Narrative of the Lord's Wonderful Dealings with John Marrant, a Black by John Marrant
The "Narrative of the Lord's Wonderful Dealings with John Marrant, a Black" is an autobiographical account by John Marrant, who details his life experiences as a free-born Black man in America, intersecting with themes of captivity, spiritual transformation, and mission work. Although not a traditional slave narrative, Marrant's story resonates within that genre due to his capture and enslavement by American Indians. The narrative is structured in two main parts: one focusing on his spiritual journey marked by sin, conversion, and rebirth, and the other recounting his experiences during his Indian captivity.
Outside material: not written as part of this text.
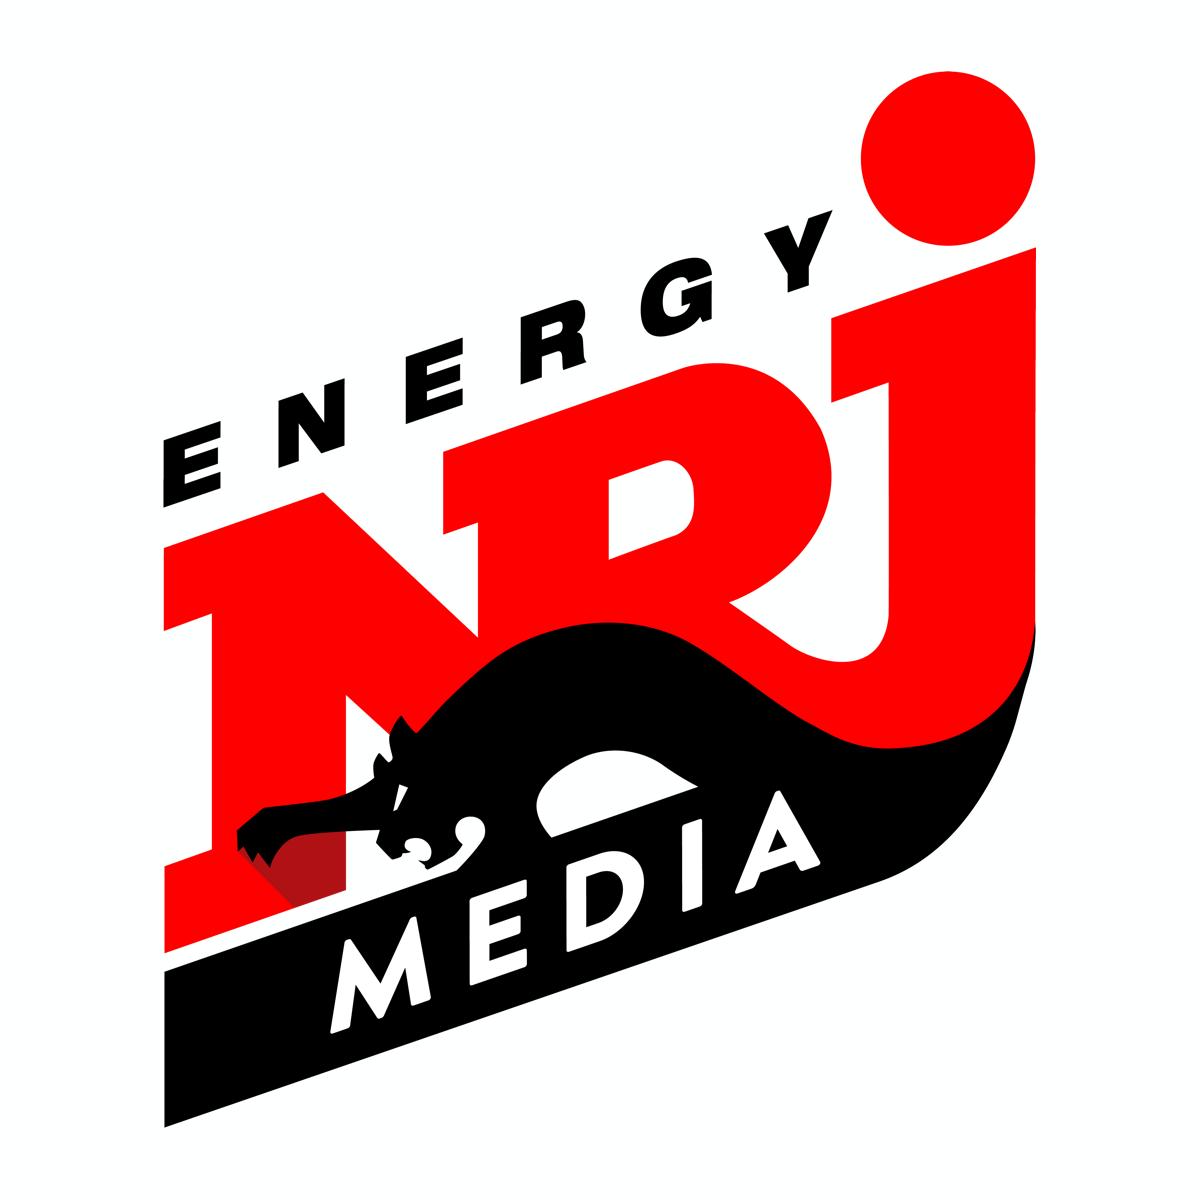 ENERGY Media

Marrant's transformation begins when he encounters the preaching of George Whitefield, which profoundly impacts him and leads to a life dedicated to Christianity. After his capture by the Cherokee, he becomes a bridge between cultures, adopting their ways and attempting to convert them to Christianity. His narrative emphasizes his growth as a missionary and his dedication to spiritual leadership, as he eventually seeks to engage with the Black population in Nova Scotia. First published in London in 1785, Marrant's account gained popularity and went through multiple editions, influencing subsequent African American writers and contributing to discussions on race, spirituality, and heritage.
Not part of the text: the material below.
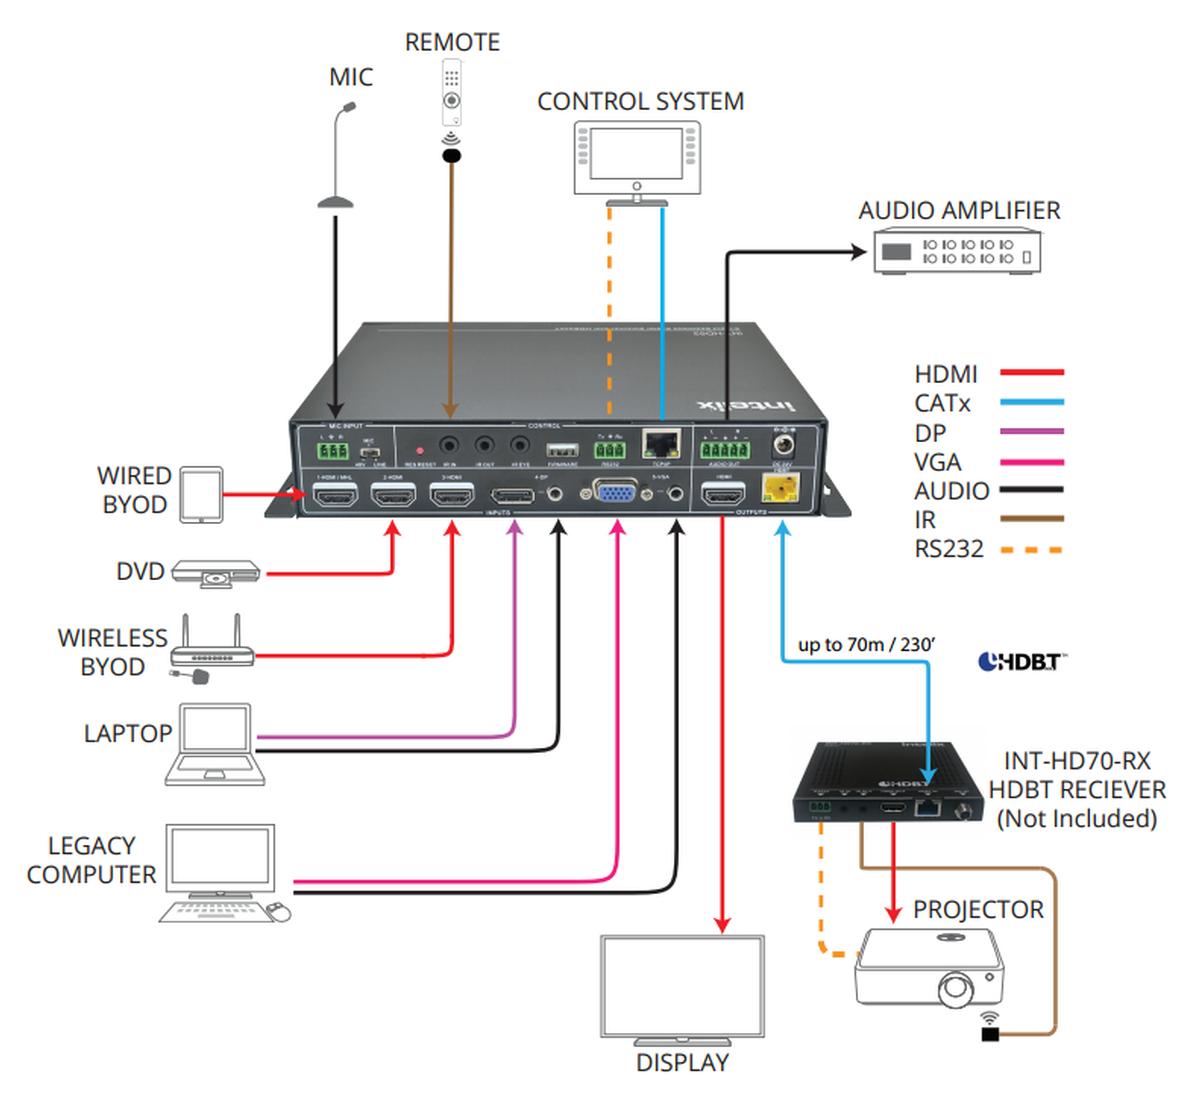 Liberty Av Int Hd52 5x1 Auto Switch Scale Presentation

Narrative of the Lord's Wonderful Dealings with John Marrant, a Black by John Marrant
First published: 1785
Type of work: Autobiography
Time of work: 1755-1785
Locale: South Carolina; the Atlantic Ocean; England
Principal Personage:
John Marrant , an African American freeman who recounted his adventures in his highly popular narrative
Form and Content
On account of its author’s freeman status at birth, John Marrant’s autobiographical A Narrative of the Lord’s Wonderful Dealings with John Marrant, a Black is not, strictly speaking, a slave narrative. Because Marrant was a black man who experienced capture and enslavement at the hands of American Indians, most scholars place his work in the slave-narrative tradition. Another reason for classifying his work as a slave narrative is that Marrant was an influential figure in the development of that genre.
Marrant’s narrative is both the story of his Indian captivity and a spiritual autobiography. The two sections of the narrative feature a three-part structure. In the religious work, the parts deal with a person’s experiences of sin, conversion, and spiritual rebirth; the three sections of the Indian captivity account focus on Marrant’s experiences when he is taken captive, the transformation that occurs in him during his exposure to Indian culture, and his attainment of a freedom that is marked by a deeper awareness of life.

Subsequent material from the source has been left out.